Hey! I created Jeff Dean Facts! Not the jokes themselves, but the site that collected them.

It was in 2008 I think (give or take a year, can't remember). I worked at Google at the time. Chunk Norris Facts was a popular Internet meme (which I think later faded when he came out as MAGA, but I digress...). A colleague (who wishes to remain anonymous) thought the idea of Jeff Dean Facts would be funny, and April 1st was coming up.

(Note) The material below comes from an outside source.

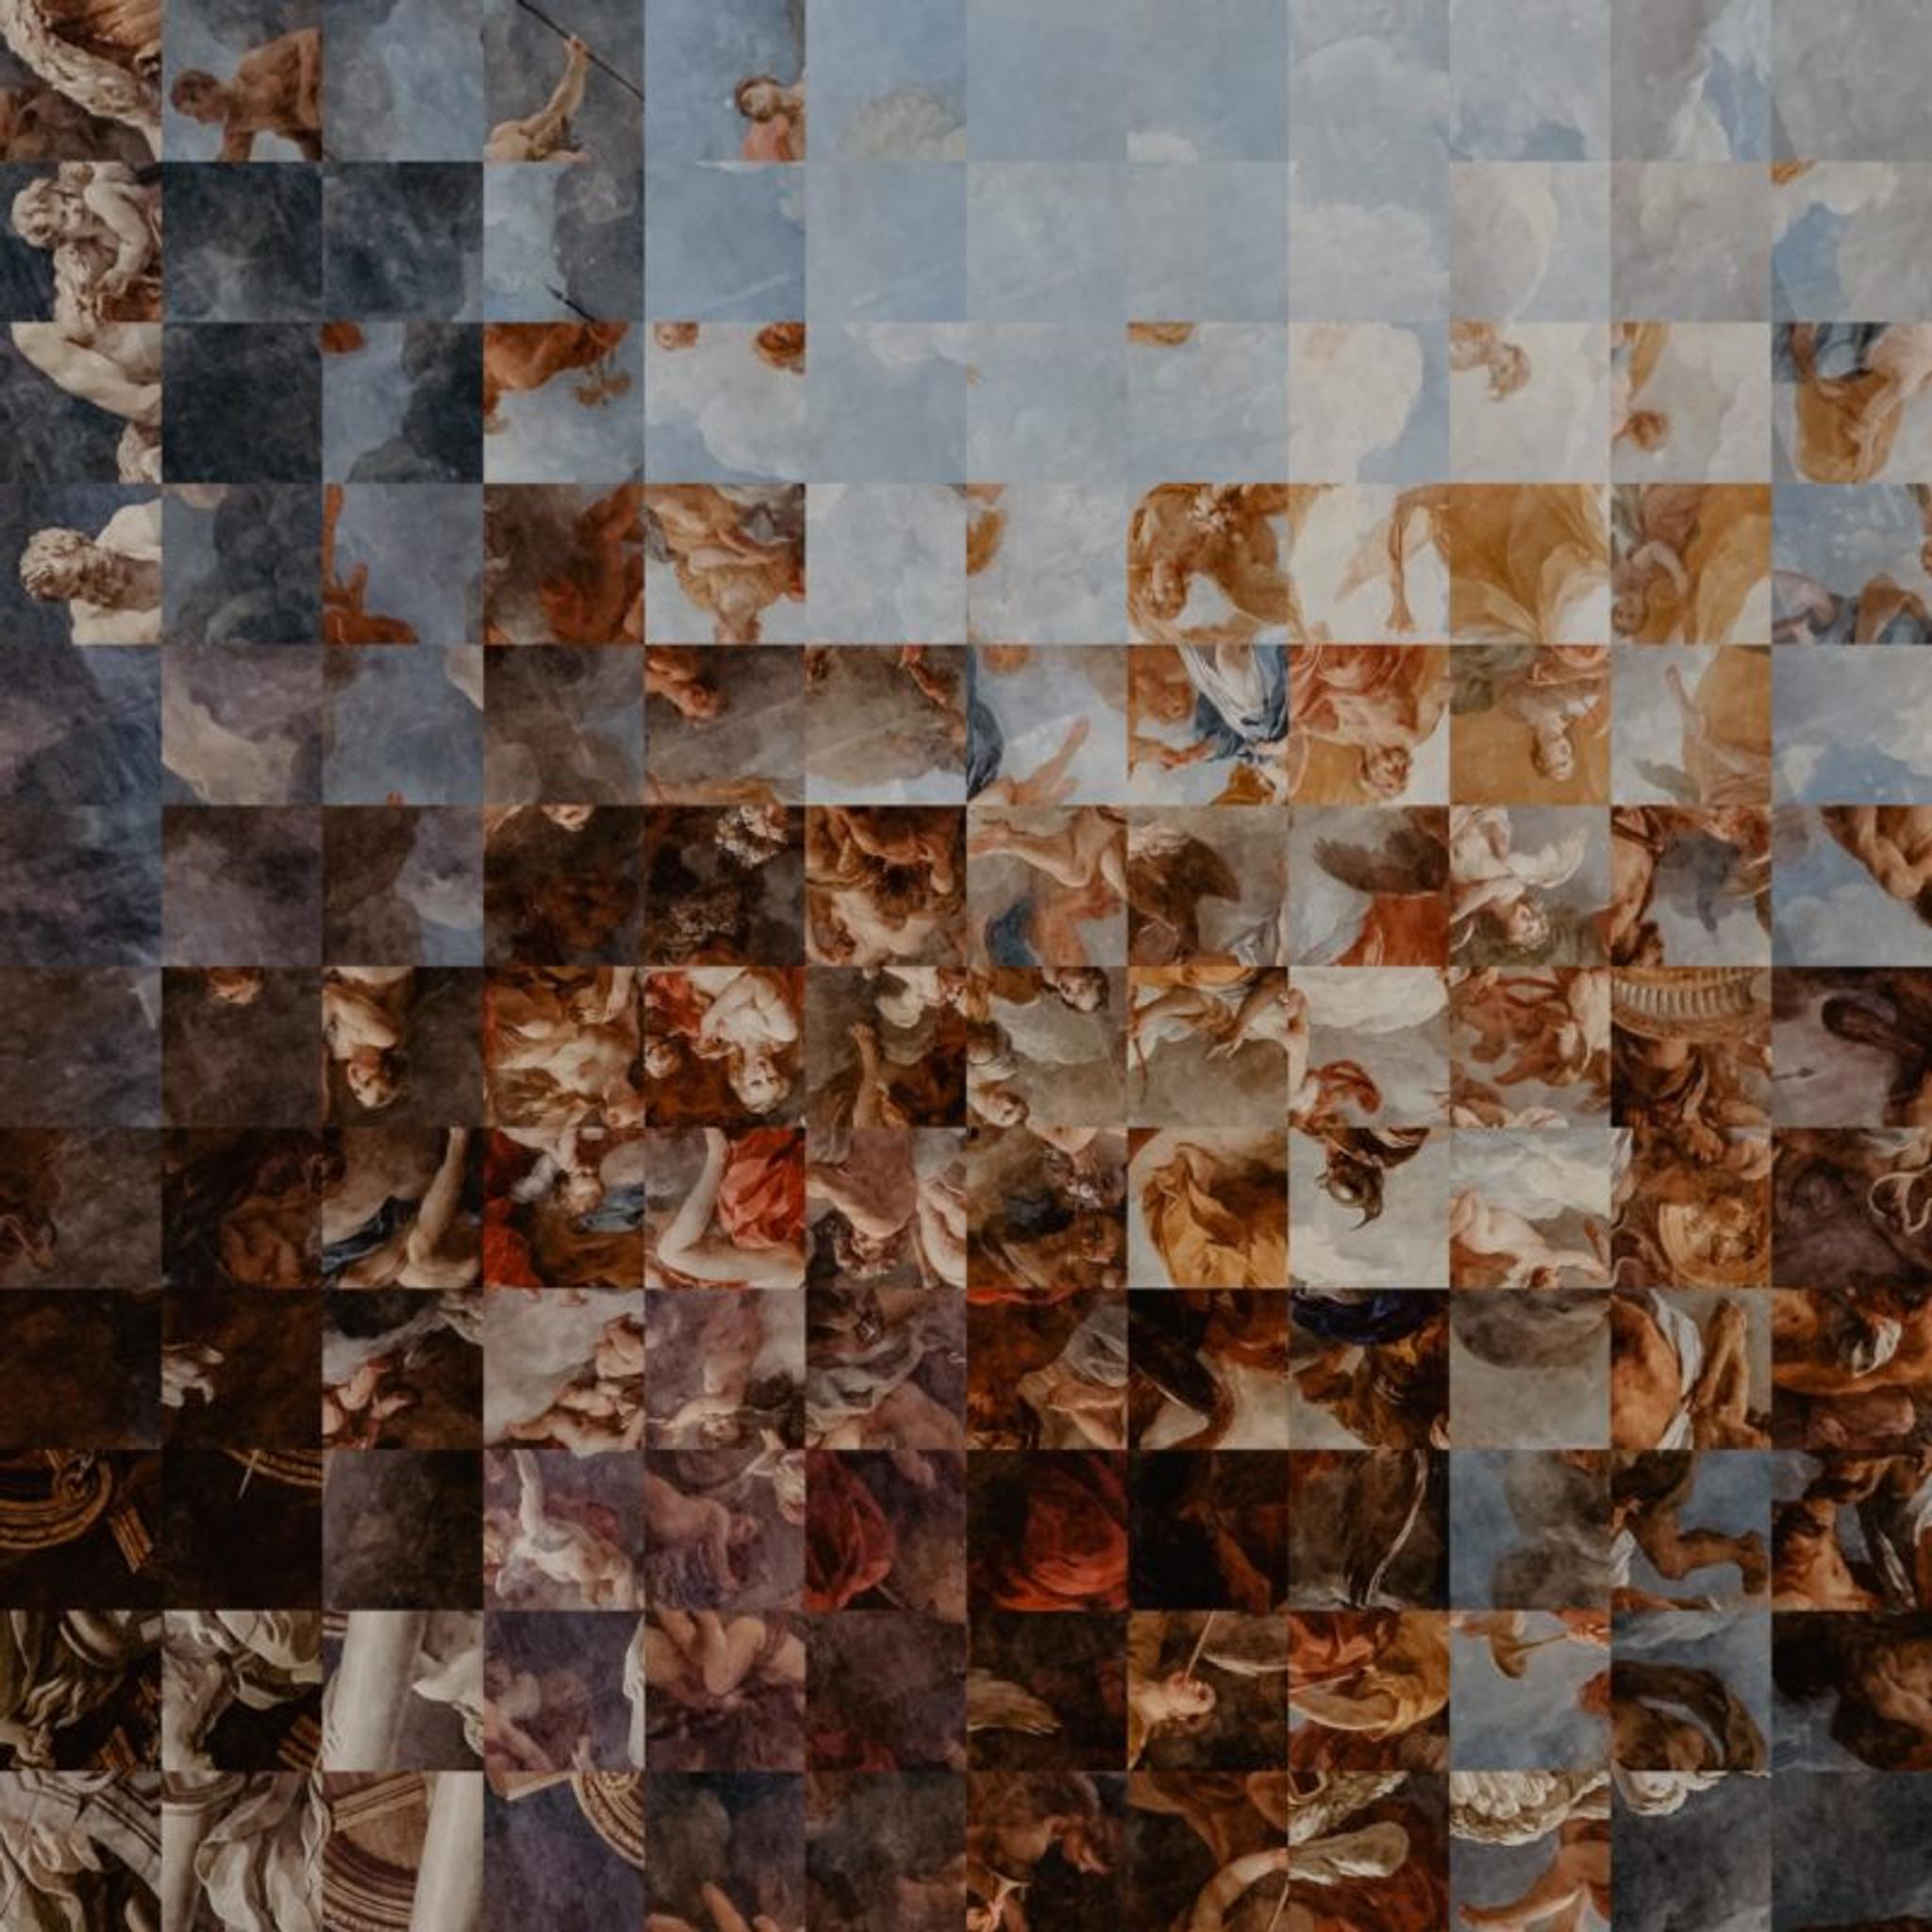 An NFT of a celestial renaissance painting redistributed randomly across checkered squares.

At the time, there was a team working on an experimental web app hosting platform code named Prometheus -- it was later released as App Engine. Using an early, internal build I put together a web site where people could submit "facts" about Jeff Dean, rate each other's facts on a five-star scale, and see the top-rated facts. Everything was anonymous. I had a few coworkers who are funnier than me populate some initial facts.

I found a few bugs in Prometheus in the process, which the team rapidly fixed to meet my "launch date" of April 1st. :)

On the day, which I think was a Sunday, early in the morning, I sent an email to the company-wide "misc" mailing list (or maybe it was eng-misc?) from a fake email address (a google group alias with private membership), and got the mailing list moderator to approve it.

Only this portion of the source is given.